Registration Process

The Final Frontier is simple in concept yet requires a significant investment of time and resources. An adviser that is required to register with the SEC must:

  • Prepare and file Form ADV with the SEC (including notice filings with applicable states) and;
  • Create a compliance function.

Following is a summary of the steps required for both of the above along with a timeline.Obviously, the timeline has broad ranges that will be determined by the size and complexity of the adviser’s operations.Advisers can get a preliminary idea of where they might fall in the range based on an assessment of their operations.

Preparation of Form ADV

Form ADV contains four parts as follows:

  • Part 1A-requires certain information about the adviser, its control and ownership, and its advisory business.
  • Part 1B-asks for certain information required by state securities authorities and is not required if the adviser is only registering with the SEC.
  • Part 2A-requires a narrative brochure with detailed information describing the adviser’s business.
  • Part 2B-requires information about the adviser’s portfolio managers and other supervised persons as defined.

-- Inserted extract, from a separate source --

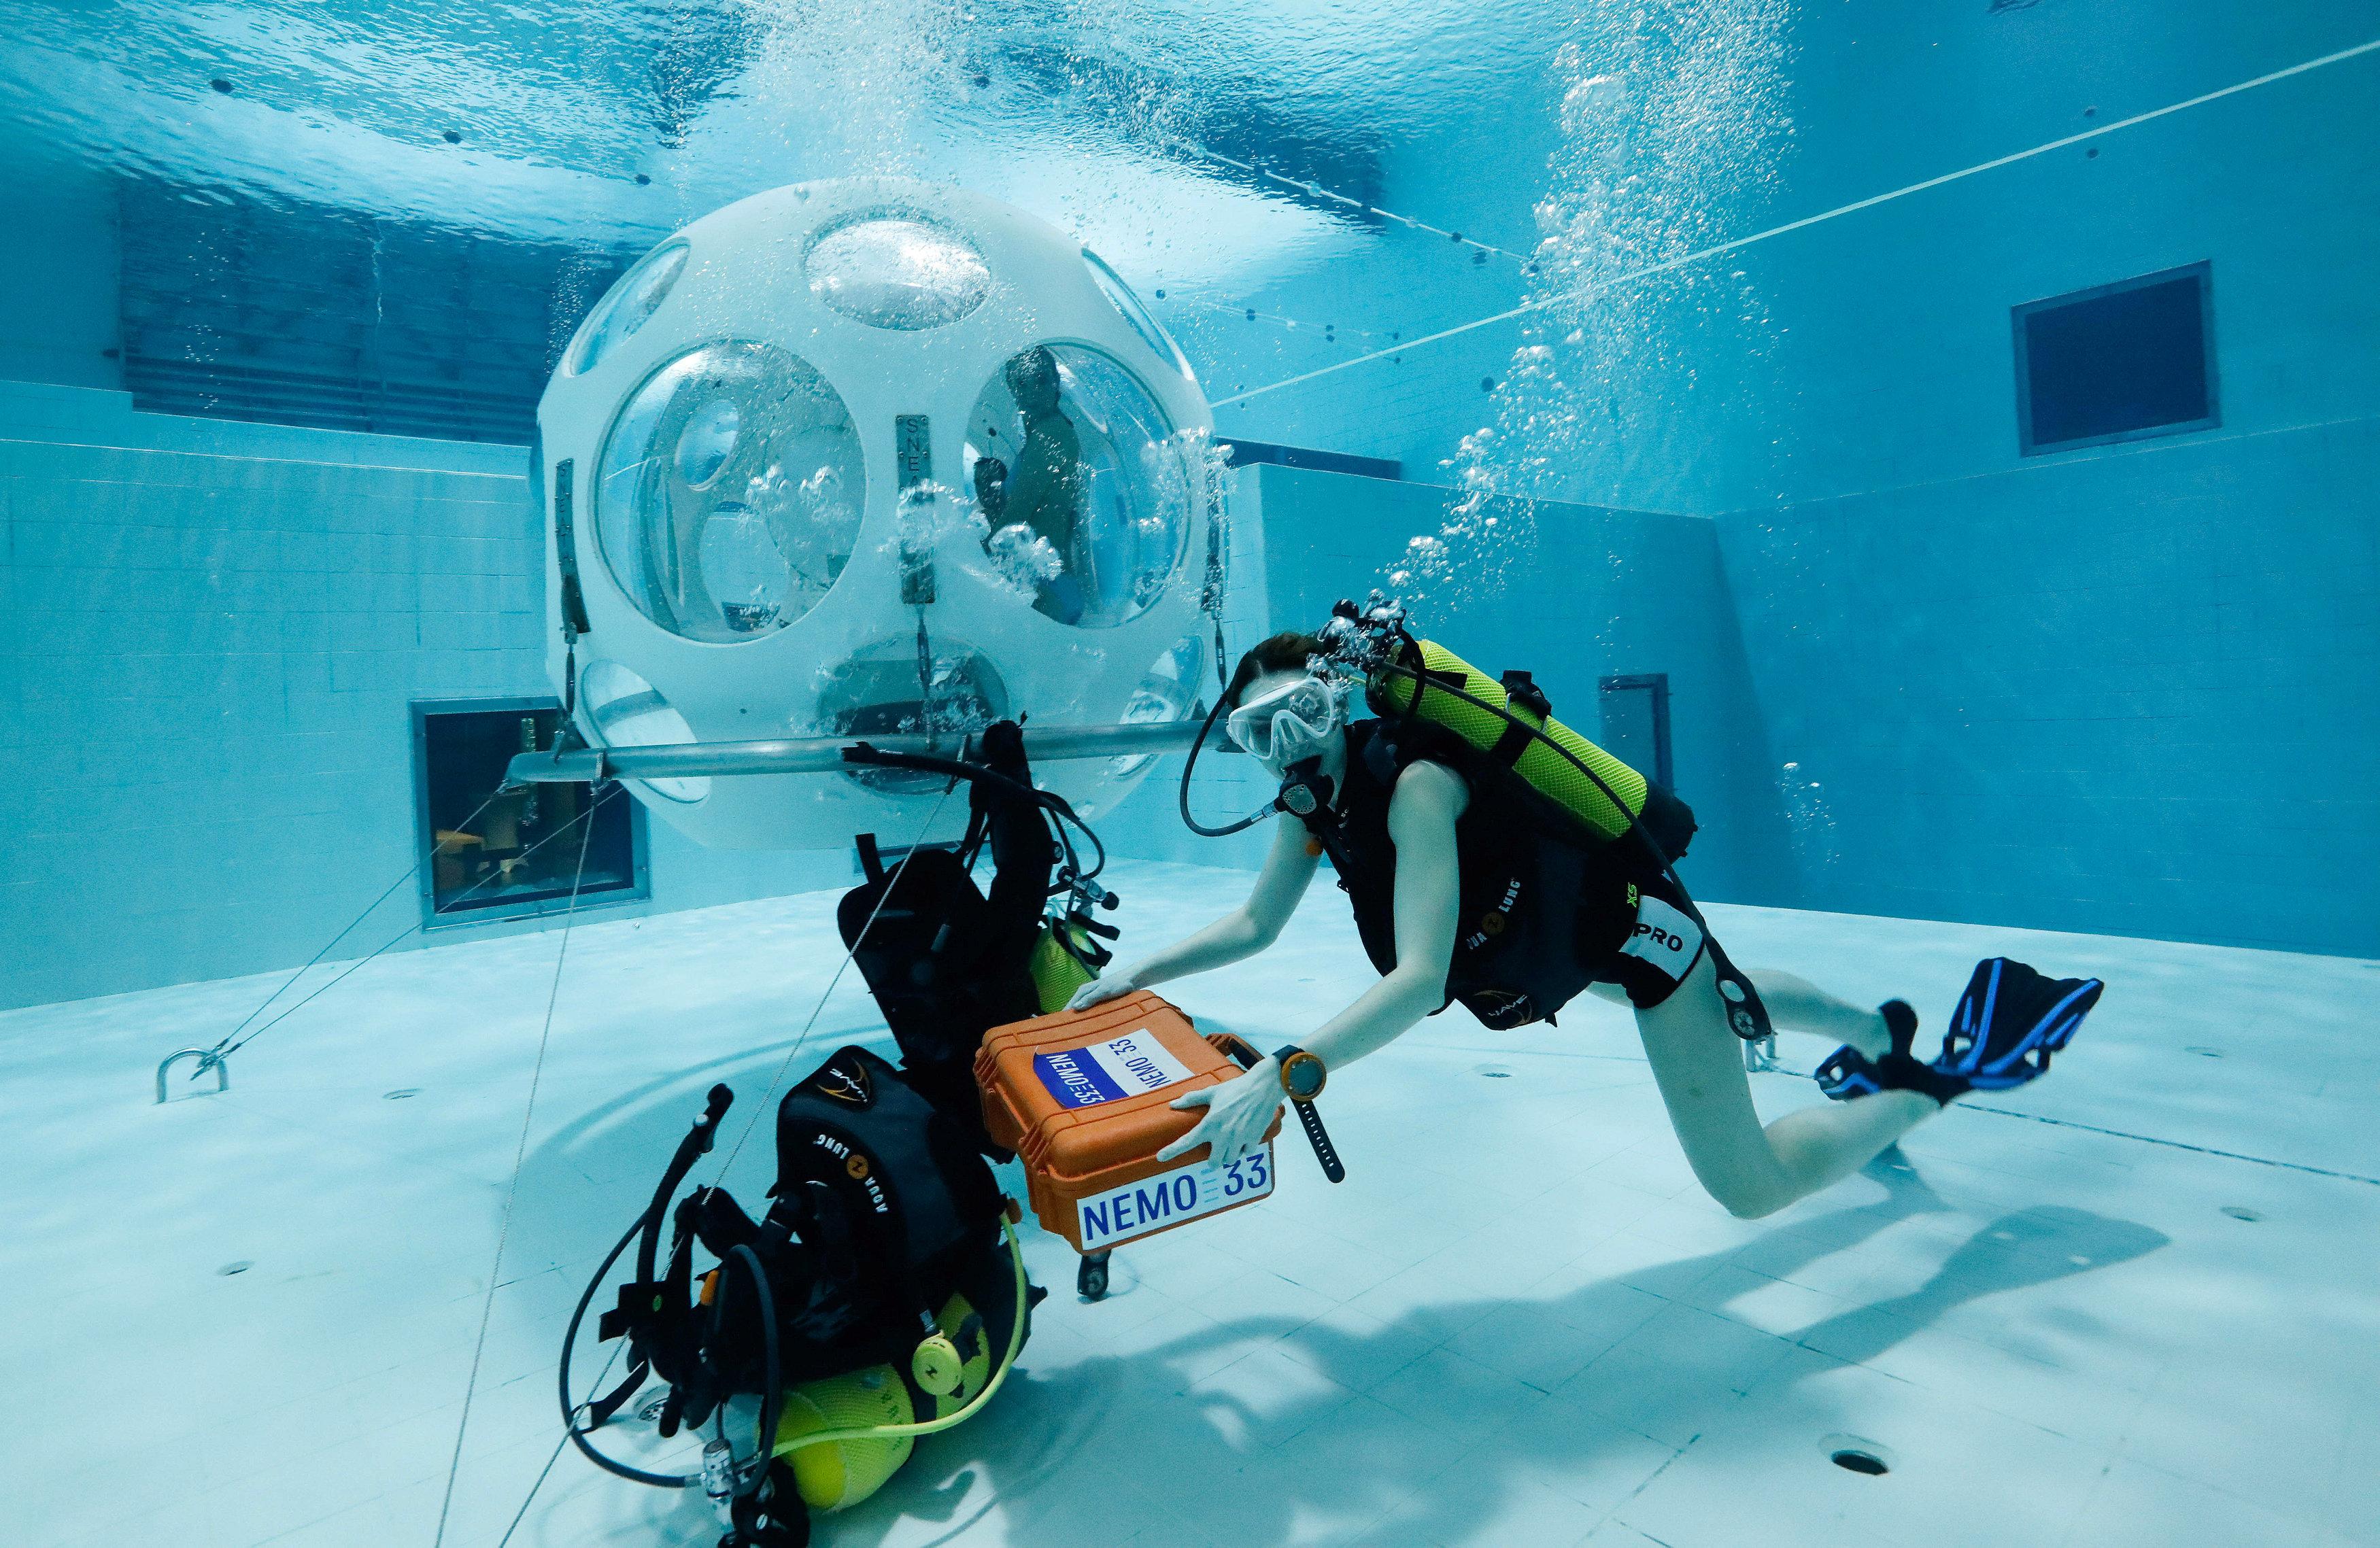 2048747-فلورنسا-تجهز-حقيبة-الغداء-لإدخالها-إلى-المطعم-تحت-الماء

Form ADV must be filled out online through the Investment Adviser Registration Depository (“IARD”). The IARD web site can be found at www.iard.com. Instructions for the preparation of Form ADV can be found at:

The instructions and the Form itself can also be found at the IARD web site.

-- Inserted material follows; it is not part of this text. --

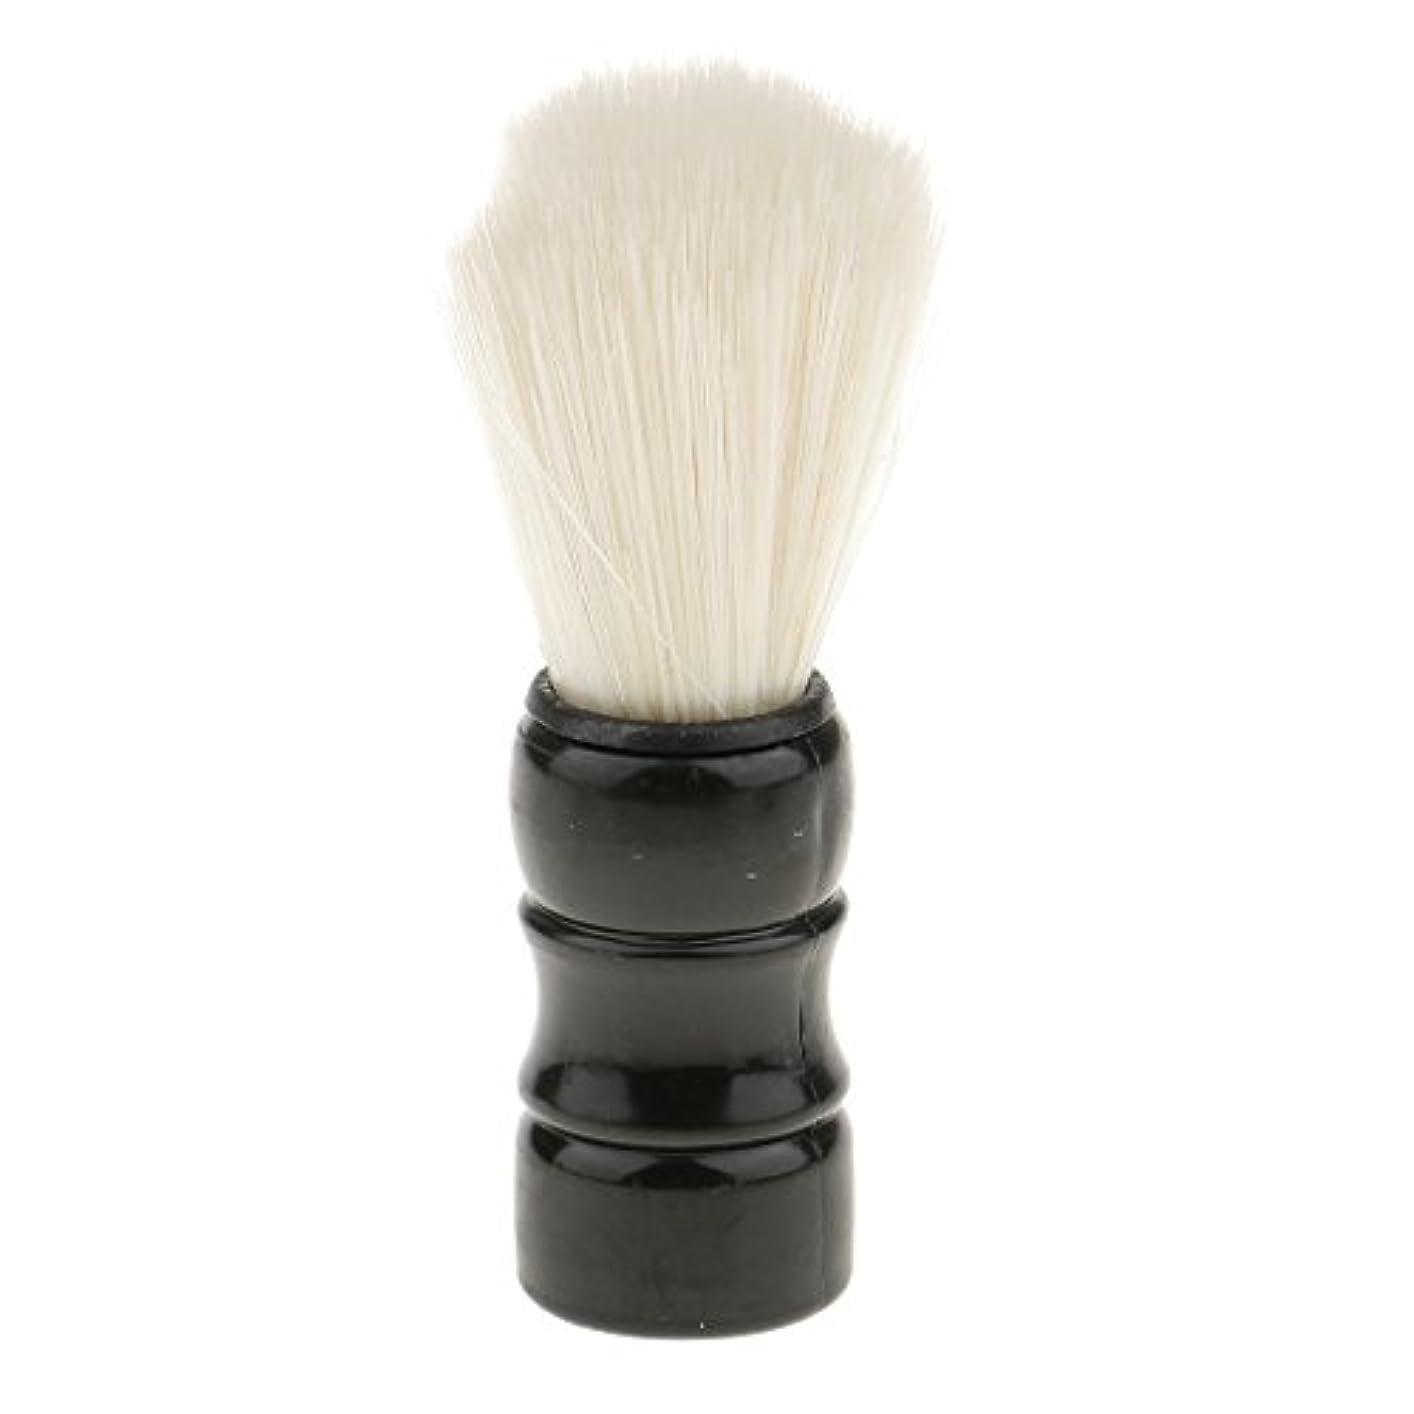 焦がす求める資金Hellery シェービングブラシ 男性 口ひげ トリミング ナイロンブラシ シェービングツール 髭剃り 全2色 - ブラック

Preparation of Form ADV is a time consuming process that will require the input of several of an adviser’s executives. Utilizing pre-existing documents such as a private placement memorandum, subscription documents and marketing materials will prove useful.A summary of the estimated time required is included below and summarized in the next section. Such time range will depend heavily on the complexity of the adviser’s operations.

Part 1A requires corporate information, information about the adviser’s business including employees, clients, assets, other business activities, affiliates, conflicts, custody and disciplinary history.If the other business activities, affiliates, conflicts and disciplinary history are minor, the completion of Part 1A should take approximately one day.

Part 2A requires a narrative response to 19 different items that describe the adviser’s business and operations. An estimate of the time it will take to complete Part 2A is one to two weeks. This includes initial meetings to discuss responsibilities, actual writing of the responses, review of responses by all necessary parties and filing through IARD.Allow two to three times that for the entire timeline for preparation given other daily responsibilities of the parties involved.

Part 2B requires that a “brochure supplement” be prepared for any supervised person who:

  • Formulates investment advice for clients and has direct client contact and;
  • Has discretionary authority over a client’s assets even if there is no direct client contact.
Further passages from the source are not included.